Earlier this month, following the killings of black men and police officers in Baton Rouge, St. Paul and Dallas, Harris Pastides, president of the University of South Carolina, published an open letter addressing the violence. A year ago, the killing of nine African-Americans by a white supremacist at a South Carolina church placed the state at the center of a national debate over modern use of the Confederate flag.

“As we process these events, we ask ourselves: How do we respond?” Pastides wrote. “What should we do? What is the historical context? Will it happen again? Am I safe? Who is next? Should there be more laws? Should we restrict access to certain weapons? How does our nation move forward? How do we heal? Who can I talk to? How do we have these difficult conversations? While I don't have answers to all the questions, I do think there's something we can all do that may help.”

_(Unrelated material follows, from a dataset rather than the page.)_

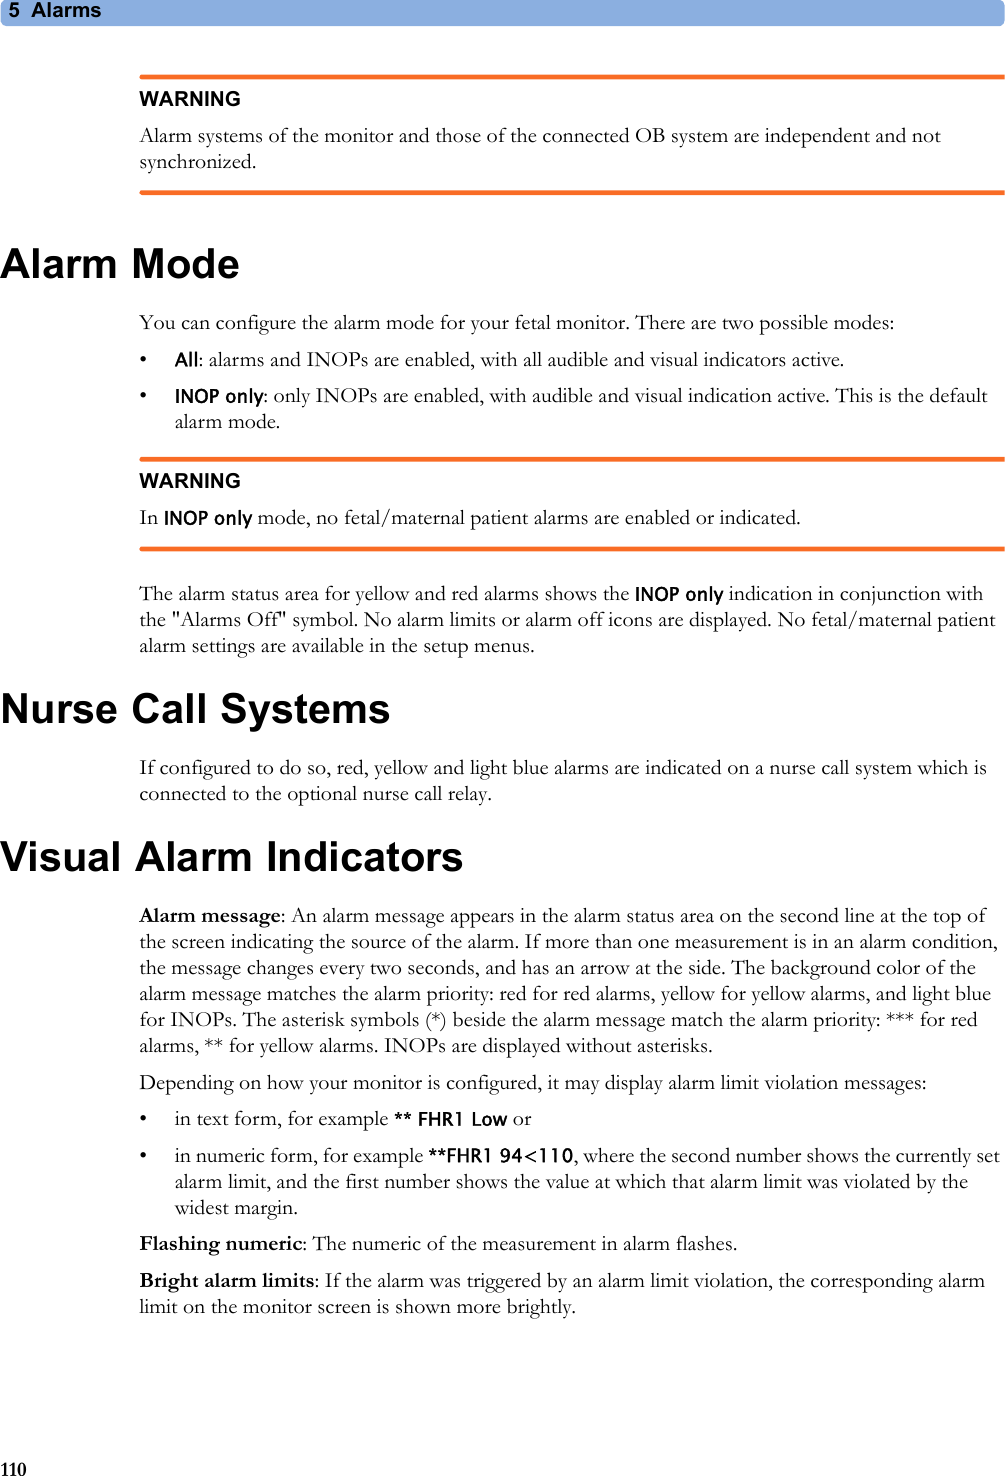 5 Alarms110WARNINGAlarm systems of the monitor and those of the connected OB system are independent and not synchronized.Alarm ModeYou can configure the alarm mode for your fetal monitor. There are two possible modes:•All: alarms and INOPs are enabled, with all audible and visual indicators active.•INOP only: only INOPs are enabled, with audible and visual indication active. This is the default alarm mode.WARNINGIn INOP only mode, no fetal/maternal patient alarms are enabled or indicated.The alarm status area for yellow and red alarms shows the INOP only indication in conjunction with the &quot;Alarms Off&quot; symbol. No alarm limits or alarm off icons are displayed. No fetal/maternal patient alarm settings are available in the setup menus.Nurse Call SystemsIf configured to do so, red, yellow and light blue alarms are indicated on a nurse call system which is connected to the optional nurse call relay. Visual Alarm IndicatorsAlarm message: An alarm message appears in the alarm status area on the second line at the top of the screen indicating the source of the alarm. If more than one measurement is in an alarm condition, the message changes every two seconds, and has an arrow at the side. The background color of the alarm message matches the alarm priority: red for red alarms, yellow for yellow alarms, and light blue for INOPs. The asterisk symbols (*) beside the alarm message match the alarm priority: *** for red alarms, ** for yellow alarms. INOPs are displayed without asterisks.Depending on how your monitor is configured, it may display alarm limit violation messages:• in text form, for example ** FHR1 Low or• in numeric form, for example **FHR1 94&lt;110, where the second number shows the currently set alarm limit, and the first number shows the value at which that alarm limit was violated by the widest margin.Flashing numeric: The numeric of the measurement in alarm flashes.Bright alarm limits: If the alarm was triggered by an alarm limit violation, the corresponding alarm limit on the monitor screen is shown more brightly.

Pastides urged students and faculty members to “recommit to airing our views in a way that is civil and responsible and recommit to opposing violence in all of its of forms,” including violent language and hate speech.

“Come back to campus ready to learn and prepared for conversations to come,” the president wrote. “Most importantly, be ready to extend the hand of friendship to a new face.”

Other colleges issuing such letters include Doane University, which paraphrased Rep. John Lewis in asking protesters to "remain calm in the wake of these tragic events," and the University of Mississippi, which called on students to "support one another in these difficult times." Janice Abraham, president and CEO of United Educators, a risk management firm for colleges, said she expects to see many such letters as officials begin to welcome students back to campus and hope to "de-escalate conflicts that could occur."

At Ithaca College, several administrators on Wednesday urged students and faculty to sign a joint unity statement to “show solidarity for the victims of these tragic events” and to commit “to work together to seek answers to the difficult questions and show mutual respect for one another.”

In October, student protesters demanded that Ithaca’s president, Tom Rochon, resign over his handling of several racist incidents. Rochon, who did not immediately step down but said he will resign next July, is one of the statement’s signees. Nearly 700 other people had signed the statement as of Thursday, though it has also prompted criticism.

“It reeks of an ‘all lives matter’ sentiment that erases the discrimination many people experience, both on campus and elsewhere,” Zack Ford, a graduate of Ithaca College and LGBT editor at Think Progress, wrote in a Facebook post. “It sugarcoats and whitewashes the real problems the community is trying to solve, cheapening the valid concerns that students, faculty, staff and alumni have been raising for the past year.”

Similar criticism has been directed at a statement released this week by 30 presidents of historically black colleges. “America’s HBCUs were the birthplace of the idea that black lives matter to our country,” the presidents wrote.

While many praised the message and the presidents’ promise to organize a symposium on gun violence, others decried the statement’s lack of references to gay, lesbian, bisexual and transgender students.

“How come the letter does not mention the deaths of LGBT people of color?” Ben Webster, a student at the University of Maryland Eastern Shore, tweeted. “Black Lives Matter was started by queer women of color and yet our struggles are not addressed. Socioeconomic status, gender and race are mentioned, but not sexual orientation?”

One of the HBCU letter’s signees was John Silvanus Wilson Jr., the president of Morehouse College, who also released a separate letter last week.

Addressed to his “Morehouse sons,” Wilson discussed the shootings that occurred this summer, both of black civilians and police officers. He wrote that the "social climate across America is tragically disturbing," but that "black men have managed to survive and remain remarkably productive throughout the slave trade, post-Civil War atrocities, the civil rights movement and so many other challenging periods in the life of this nation." The president urged his students to “endure the recent disruption to your standard summer activities” and to look toward the future.

“My love goes out to each of you,” Wilson wrote. “Be mindful, be safe and be constructive. And we will see you next month.”